Юлька Даниэль тоже посещал это заведение, и однажды мы наведались туда вместе. Ещё у входа, на каменном приступке, я увидел вышедших покурить Люсю и с ней — темноволосую молодую женщину, также не отличавшуюся особой худобой, но лицом, и в самом деле, чем-то напоминавшую Элизабет Тейлор или какую-нибудь другую, тоже вполне недурственную собой, брюнетку. Они тогда курили. (Я говорю о Люсе и о второй женщине. Сам я тоже в те годы курил, но мало, а Юлий почти не выпускал изо рта «беломорину». Спустя ровно тридцать лет, умирая — ослепший, полупарализованный, лишенный речи, — он знаками просил вставлять ему в рот папиросу «Беломор».)

Темноволосую звали Майя, она тоже работала здесь, Юлий знал её немного раньше: увидел в доме у общих знакомых, и душа прикипела. Так он любил выражаться. Но, поскольку его душа, как, впрочем, и моя, «прикипала» ко многим представительницам прекрасного пола, я не придал его словам серьёзного значения. И, как вскоре выяснилось, совершенно напрасно: ибо не за горами были связанные с этим драматические события, которые, правда, в бСльшей степени коснулись Майи, нежели его.

А пока мы стояли у входа в Дом детской книги, изощряясь в небрежном остроумии. И, можно сказать, это был турнир почти равных…

Спустя много лет Майя подробно рассказала мне о родителях, о своей прежней жизни. Это была довольно типичная для жителя нашей страны история, глубоко трагическая по сути, по всем нормальным меркам, но которую очень многие из нас разучились, или просто стесняются так называть, поскольку она ведь такая рядовая, эта история. А трагедия… трагедия это что-то высокое, особое, что мы видим в театре или на экране.

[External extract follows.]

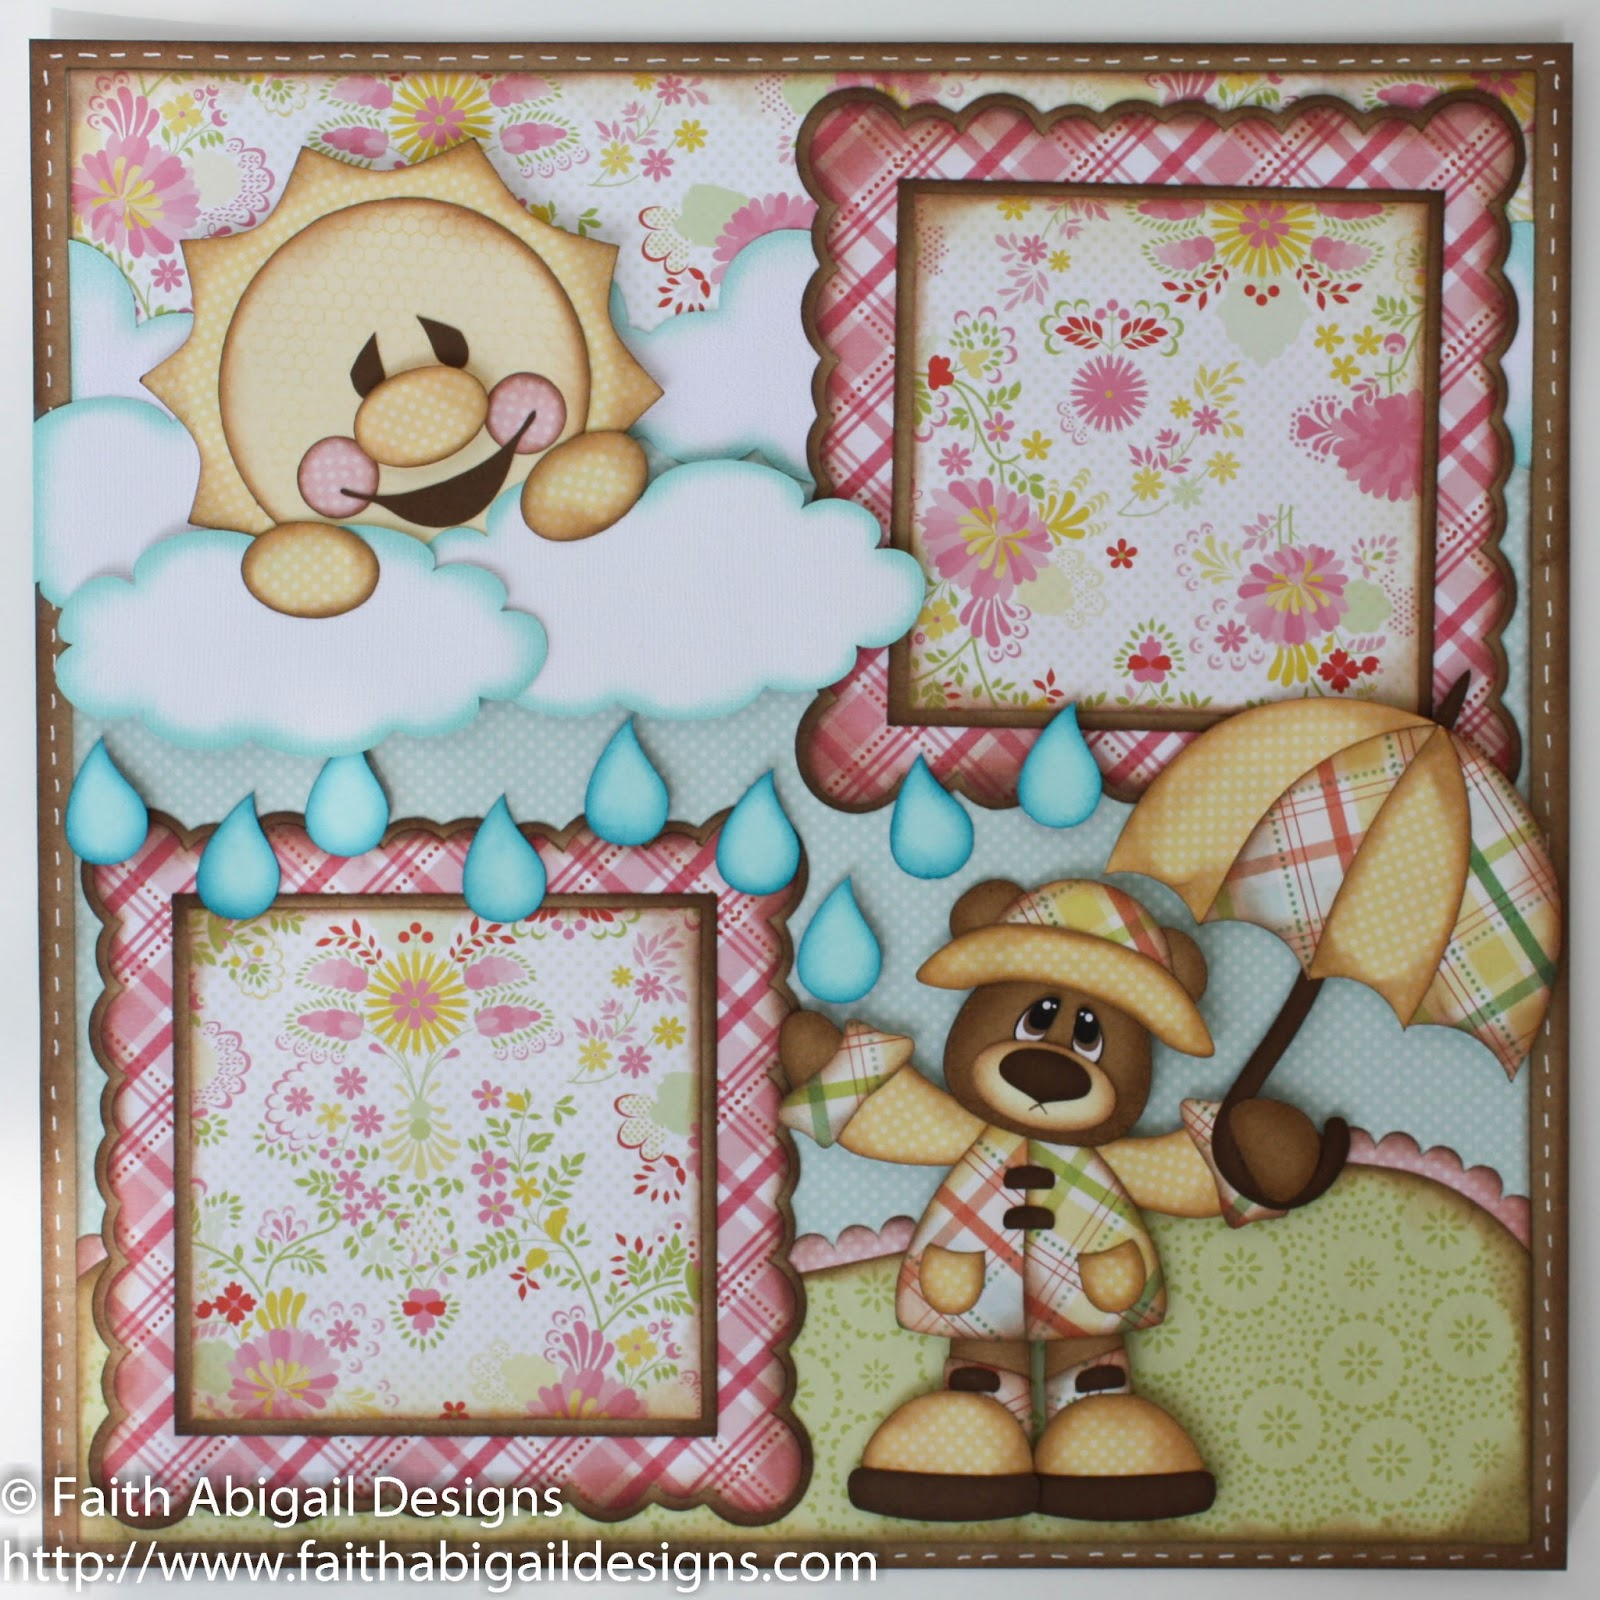 Scrapbook ideas and designs - Rainy Day Bear Scrapbook Layout

Отец Майи был революционером. По всей видимости, настоящим, верующим в очистительную миссию революции. Наверное, подпольным, поскольку жил не под своей фамилией, а назывался Панов. После октябрьского переворота он оставался активным сторонником советской власти, был на ответственной работе, что означало: в семье его почти не видели. Специальностью у него была экономика, по этой линии даже отправили в Нью-Йорк, что свидетельствовало о высоком к нему доверии. Там и родилась Майя. Но по-английски ей поговорить не пришлось даже со своей темнокожей няней: отца вызвали обратно, и он месяцами и годами, оставшимися до ареста и расстрела, пропадал на разных стройках, а Майя с матерью пребывали в Москве. Через год после его гибели посадили и мать Майи, специалиста по англо-американской литературе, члена союза писателей, на чьём членском билете стояла подпись самого Максима Горького. Но это не остановило бдительных чекистов, и они отправили её на восемь лет в концлагерь, а потом ещё около двенадцати держали в ссылке, не давая возможности вернуться в Москву к дочери. (Не упоминаю о такой мелочи, что, как выяснилось позднее, ни она, ни её расстрелянный муж не были ровно ни в чём виноваты… Растолковываю всё это не для людей своего или близкого ко мне поколения — они и так это знают, если, конечно, хотят знать, и либо до сей поры находятся в состоянии беспомощного гнева и такого же удивления и ужаса от происходившего — таких, увы, меньшинство, — либо утешаются изречениями типа «лес рубят — щепки летят», а то и доводами о том, что зато в те славные годы страна была могучей и все её боялись, — таких «патриотов» значительное большинство.)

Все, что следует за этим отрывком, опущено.